**GIVEN RECORDS**

◇ ◇ ◇

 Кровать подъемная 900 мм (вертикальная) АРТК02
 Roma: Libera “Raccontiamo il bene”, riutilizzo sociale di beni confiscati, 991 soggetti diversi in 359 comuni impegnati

◇ ◇ ◇

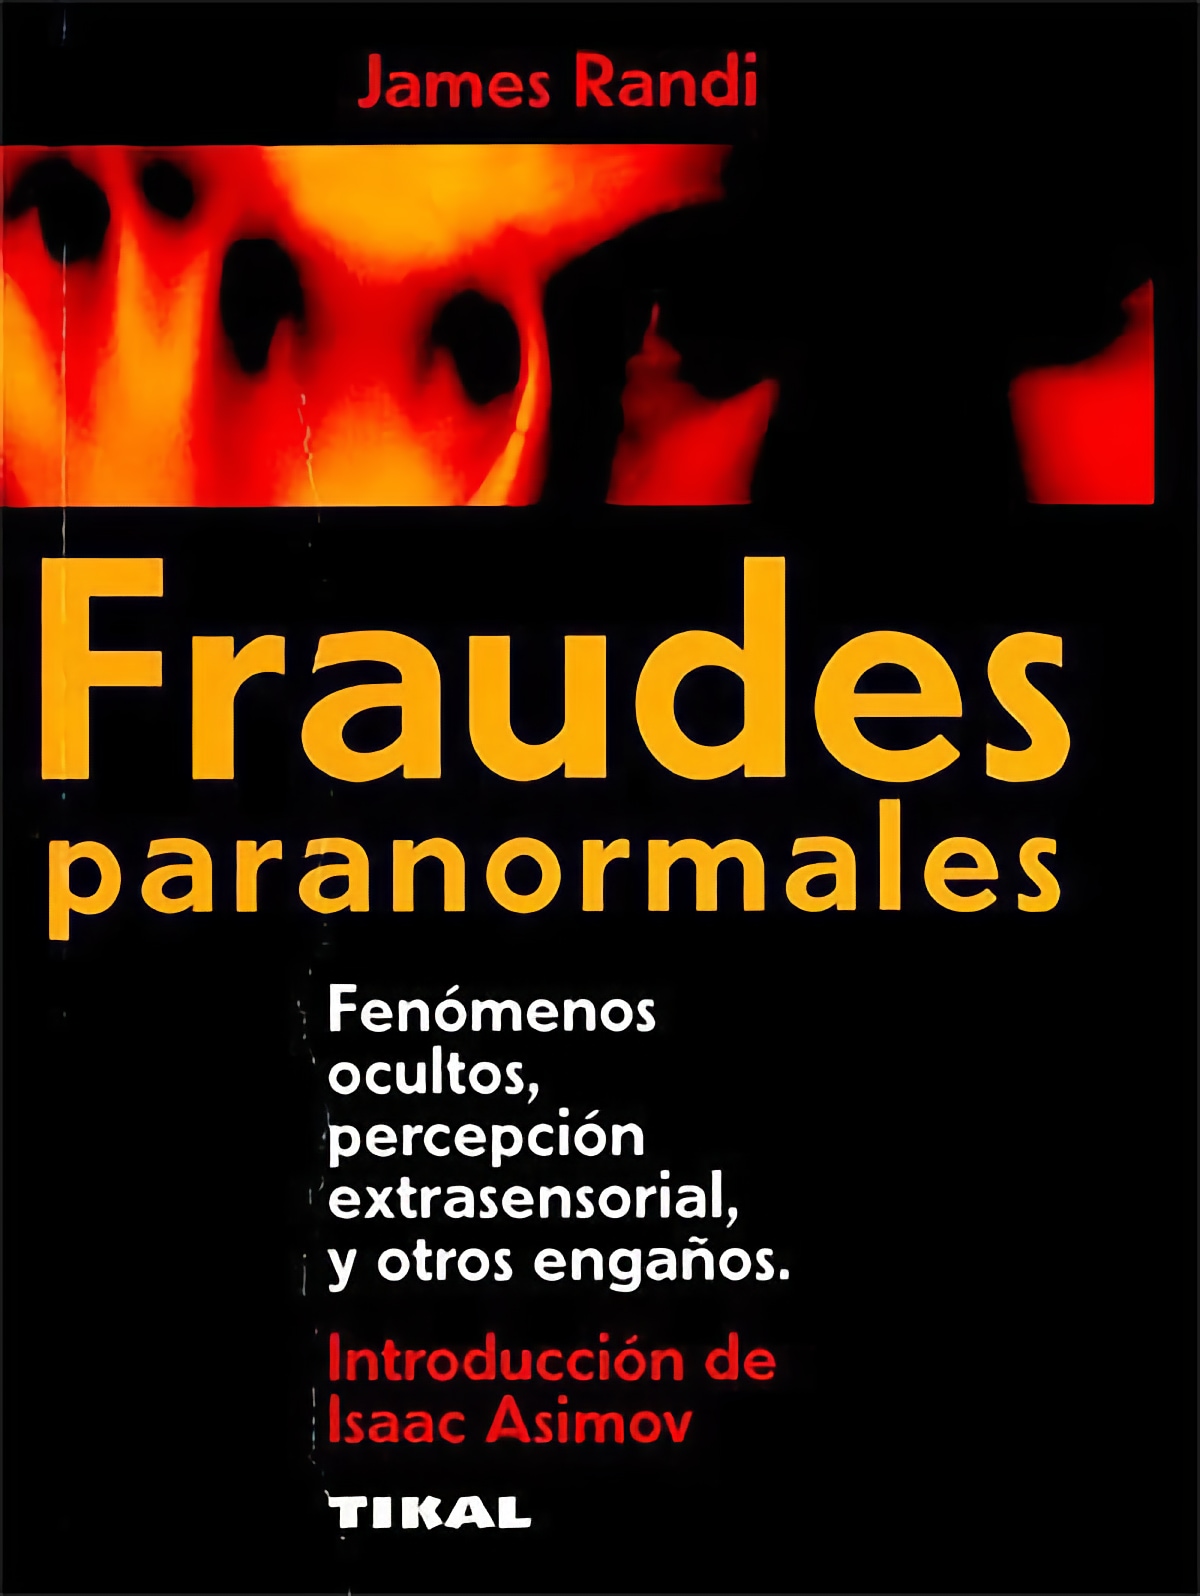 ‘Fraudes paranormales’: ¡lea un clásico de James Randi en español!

◇ ◇ ◇

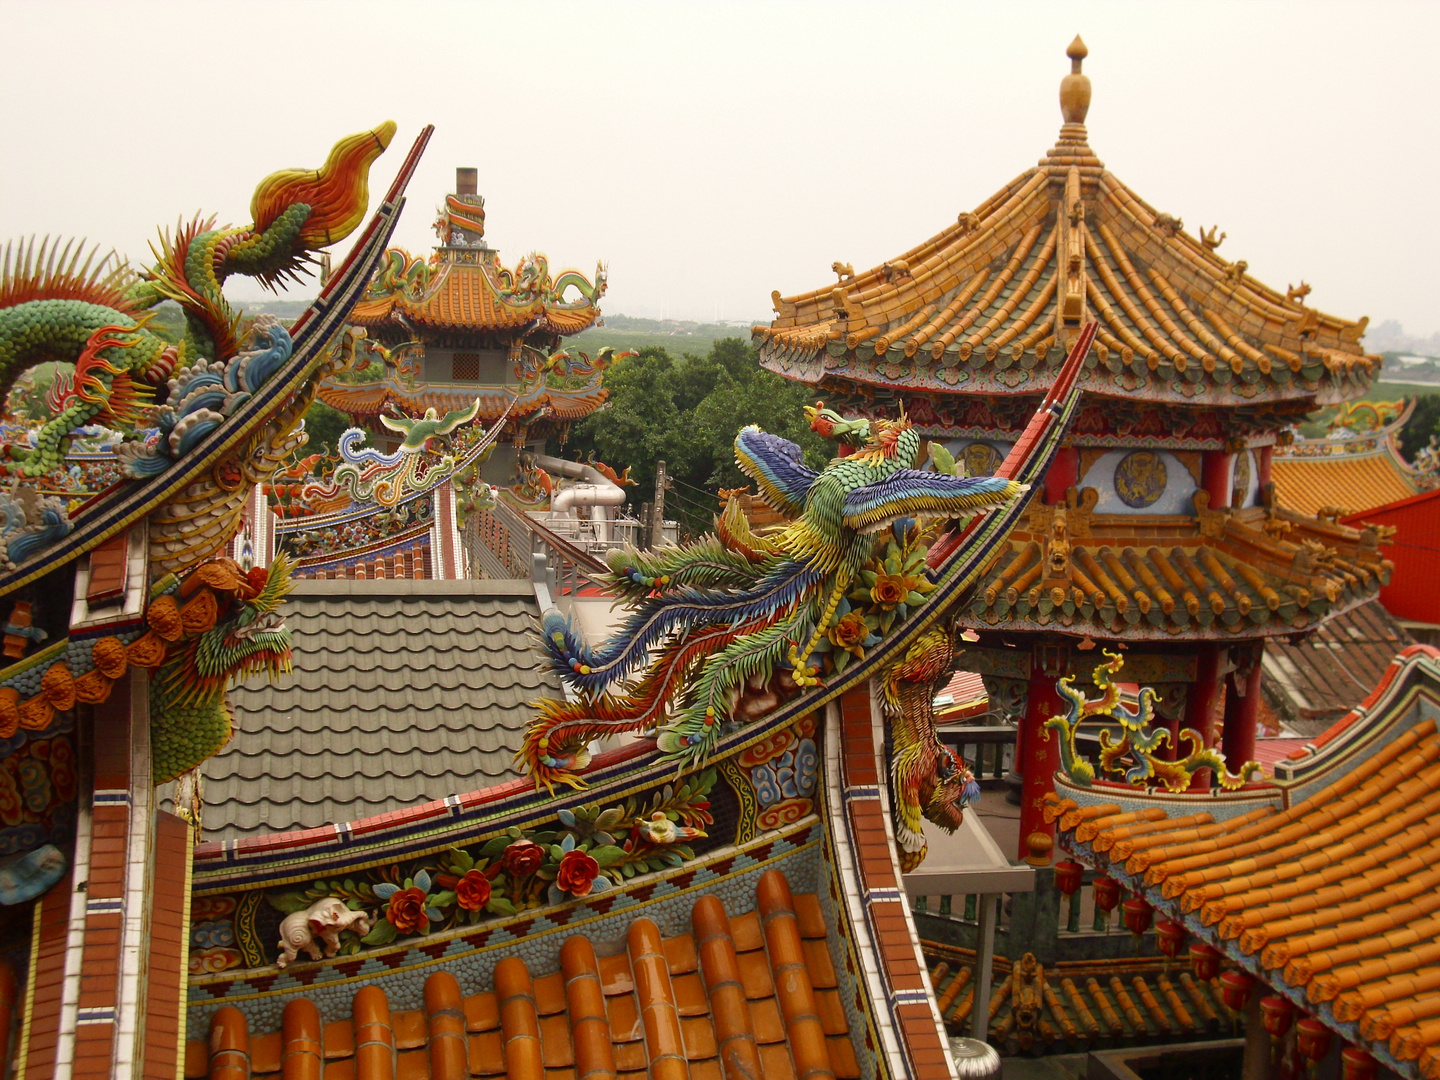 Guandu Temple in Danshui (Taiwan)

◇ ◇ ◇

**HOW TO COMPLETE THIS TASK**
Reproduce, exactly as they stand in the data above, the lines from the one that holds "Кровать подъемная 900" to the one that holds "359 comuni impegnati", inclusive.

**RESPONSE TO THIS EXERCISE**
 Кровать подъемная 900 мм (вертикальная) АРТК02
 Roma: Libera “Raccontiamo il bene”, riutilizzo sociale di beni confiscati, 991 soggetti diversi in 359 comuni impegnati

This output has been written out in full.